With so many wrong grades awarded in 2020, Ofqual was never going to maintain the currency and integrity of grades anyway. Reducing A-level grade inflation (for example, from 12% to 2% for A-levels) would have meant very little against the backdrop of grade inaccuracies. Ofqual’s claim of making grades consistent between schools and between years is also questionable when so many grades would have been wrong. Very little would have been achieved at the cost of injustice, disruption, distress for hundreds of thousands of students and loss of faith in Ofqual and the Department for Education from teachers.

In the end, the ill-advised ‘standardisation’ left two legacies.

The first, ironically, is an increase in grade inflation due to the upgrading that took place during its operation.
The second is some Centre-Assessment Grades that are wrong – for example, because some teachers consciously or subconsciously tried to make the 2020 grade distribution similar to historical data – which the students might not be able to appeal against.

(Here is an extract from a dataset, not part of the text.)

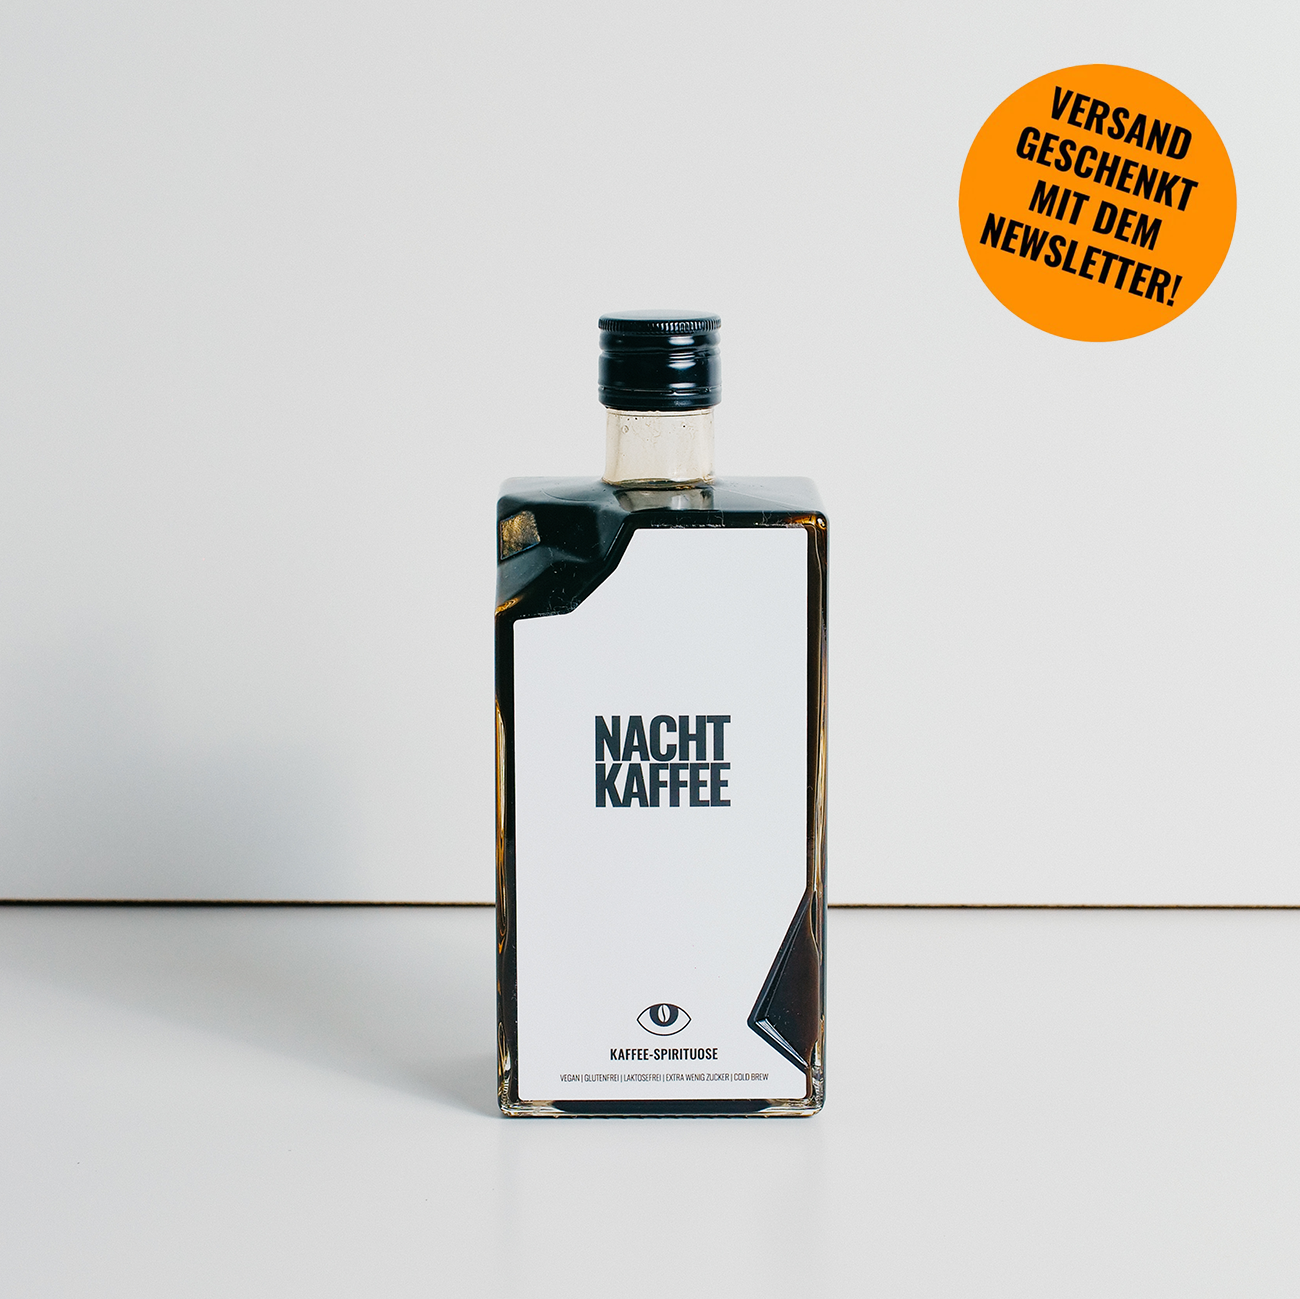 NACHTKAFFEE, Kaffee-Spirituose (Liquid Cocaine), 700ml
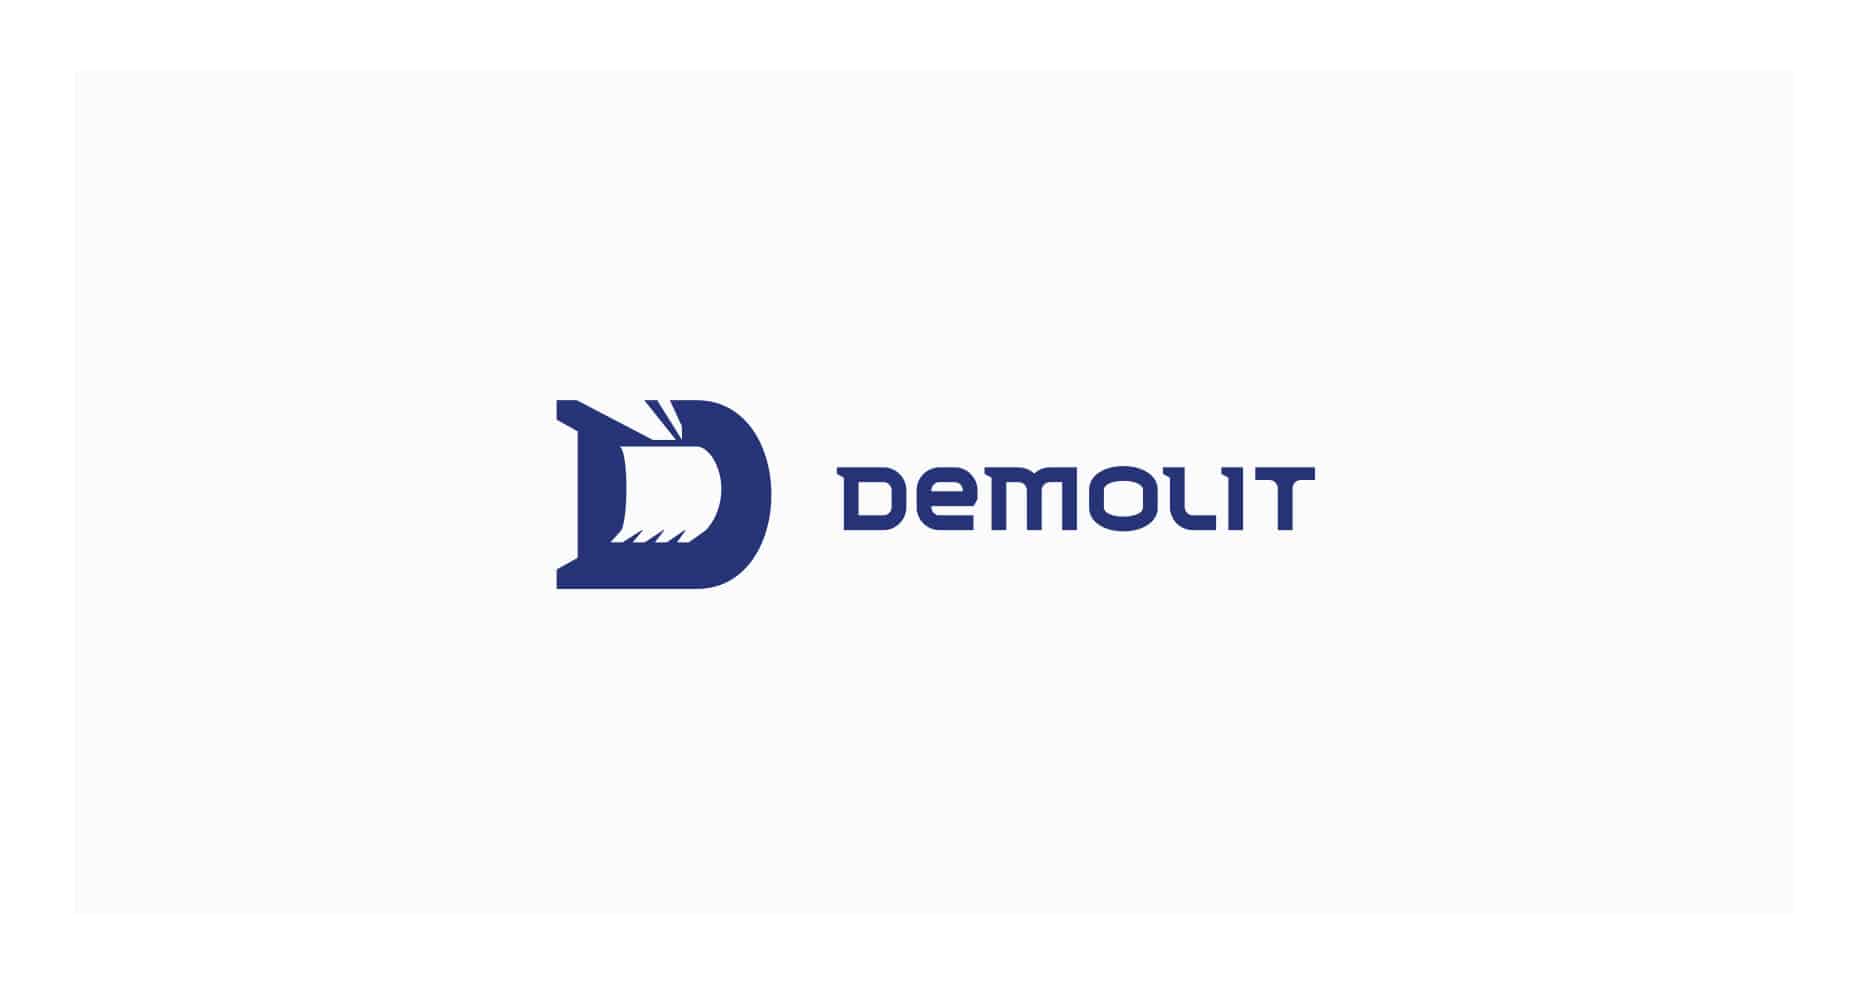 Demolit logo

There have always been two extremes for this year’s grading: either aggressively keeping grade inflation down to a few percent at high risk of injustice, or using CAGs, which entails higher grade inflation but lower risk of injustice. There should have been a rational debate to find a compromise point and to devise a safety net for those who are failed by that compromise. Instead, the Department for Education and Ofqual’s dogmatic insistence on the first extreme, their blusters and lack of transparency made that debate impossible and led the country into the crisis.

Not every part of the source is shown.